Вы мои слёзы. Вы мое бессмертие.
Наяву, во времени, в чужом бреду.
Вы чужие сёстры.
Вы чужие девочки.
Дочери, и матери, и жены, и…
Милосердье надвое, натрое не делится.
Вот оно – единое, родильное, в крови.
Вот оно – ребёнок… каждый раз рождается…
Я-то, хирургиня, застыла у стола…
Рана углубляется, кетгут разрывается,
Человека человек спасает, вот и все дела.
Человеку человек – тепло… хлеб… колыбельная…
Замерцала боль керосином золотым…
Закопчённое стекло… жизнь-смерть нераздельная…
Замыкается войны чёрный круг и дым…
Божий круг.
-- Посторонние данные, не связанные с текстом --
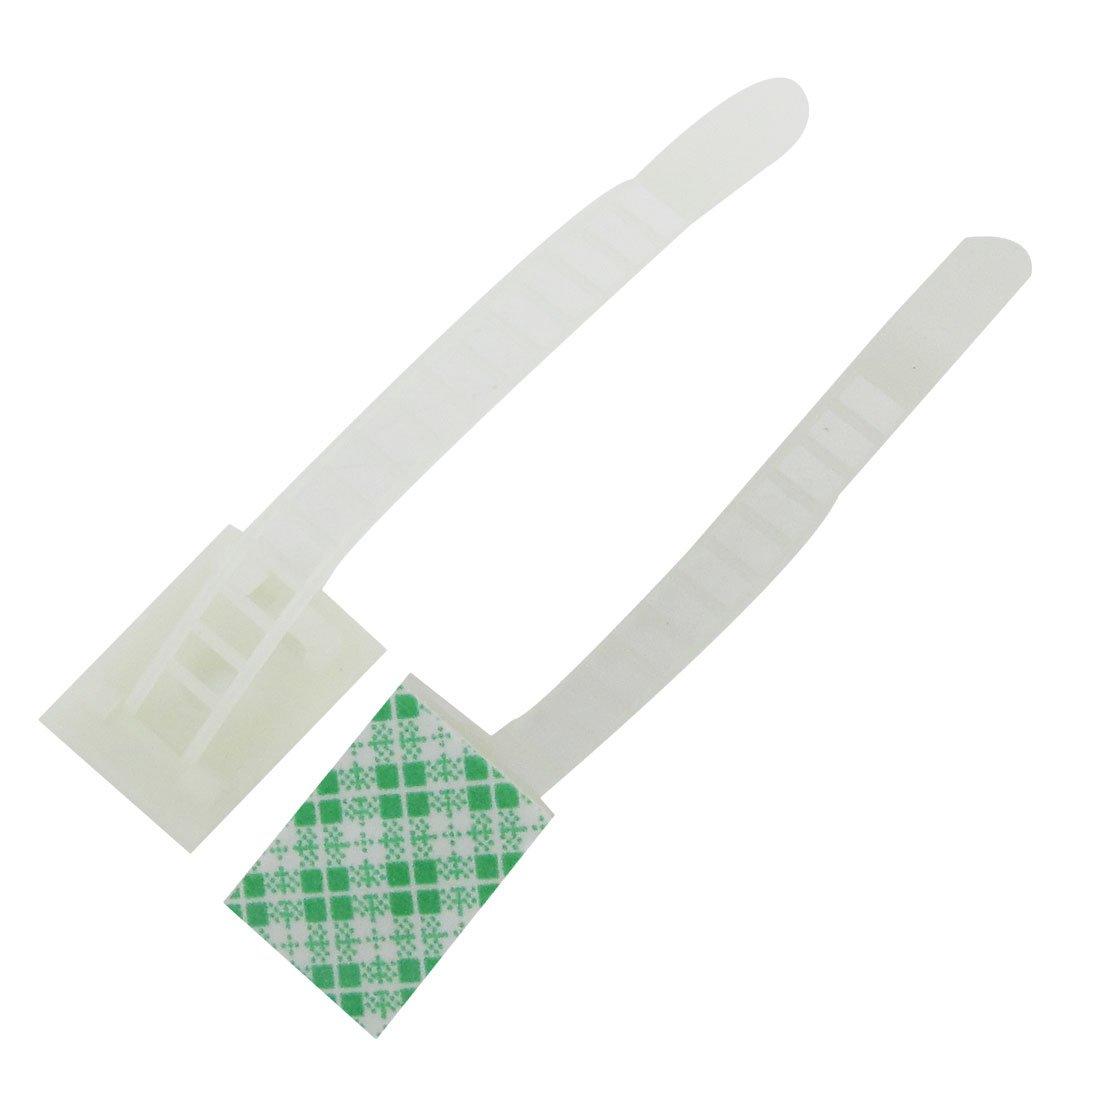 White Plastic ATC-17 Adjustable Cable Fixing Clip Holder 100 Pcs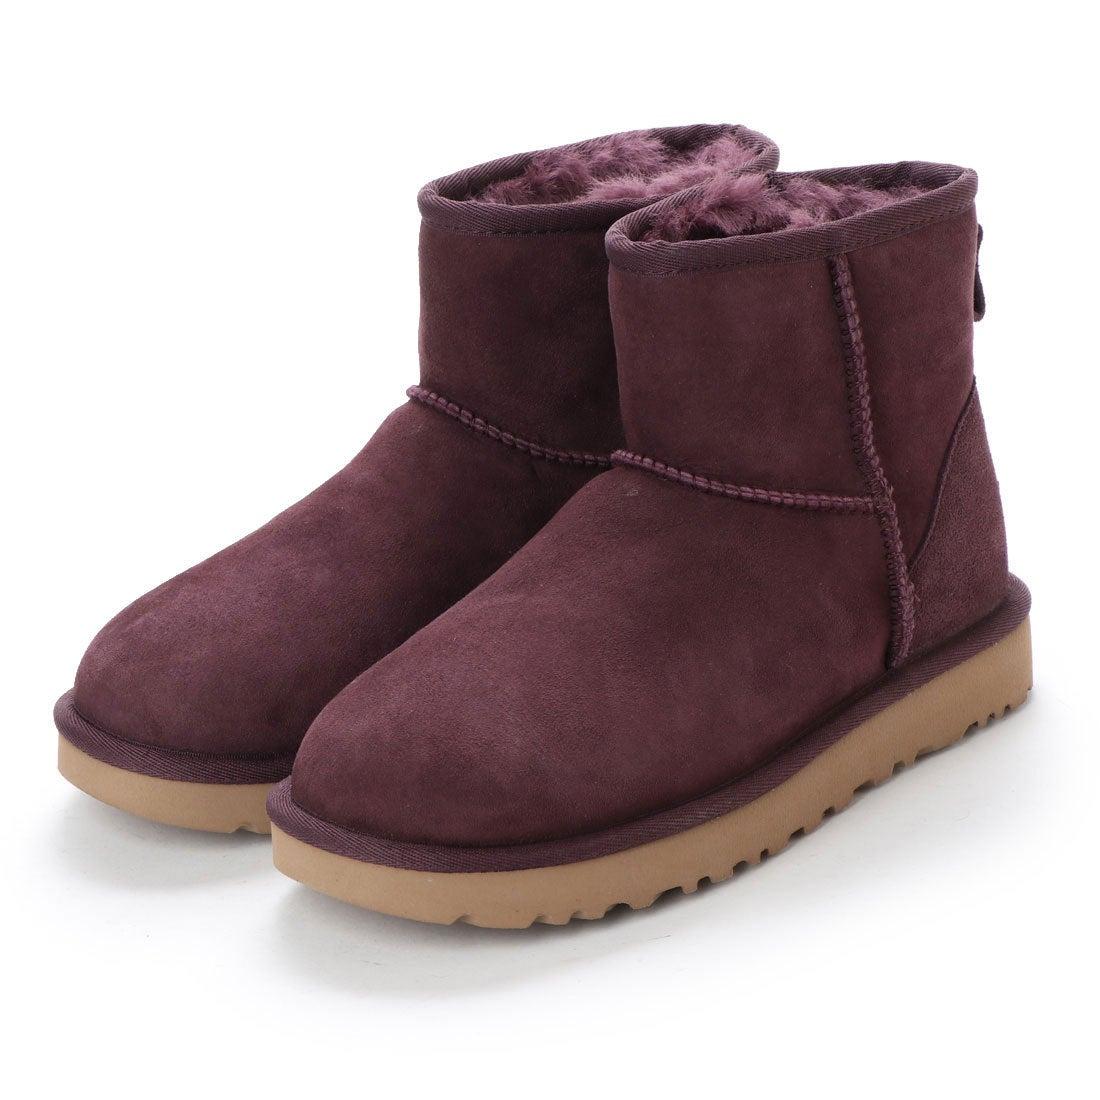 8c9c919a609 アグ UGG 1016222 W CLASSIC MINI 2 (ポート) -靴&ファッション通販 ...

Коловрат. Вековое колесо.
Время, ты по кругу! А мне – лазарет.
Снова раненых гора. Кровь пылает полосой.
Лишь во сне моей войны не было и нет.
А глаза открою – стон… жалуются, сердятся…
Бредят… дико вопят… стариками ли, детьми…
Я опять на войне – сестра милосердия.
Крепче ты меня, солдат, пред смертью обними.
И тебя я обниму. В смерть, в неё не верится.
Ты детей ещё родишь. Вернешься домой.
…сёстры мои. Сёстры.
Сёстры милосердия.
Мiръ лежит на койке, контуженный, немой.
Мiръ лежит, слепой, великий, насмерть перевязанный,
Весь обхваченный крестом, красным бинтом.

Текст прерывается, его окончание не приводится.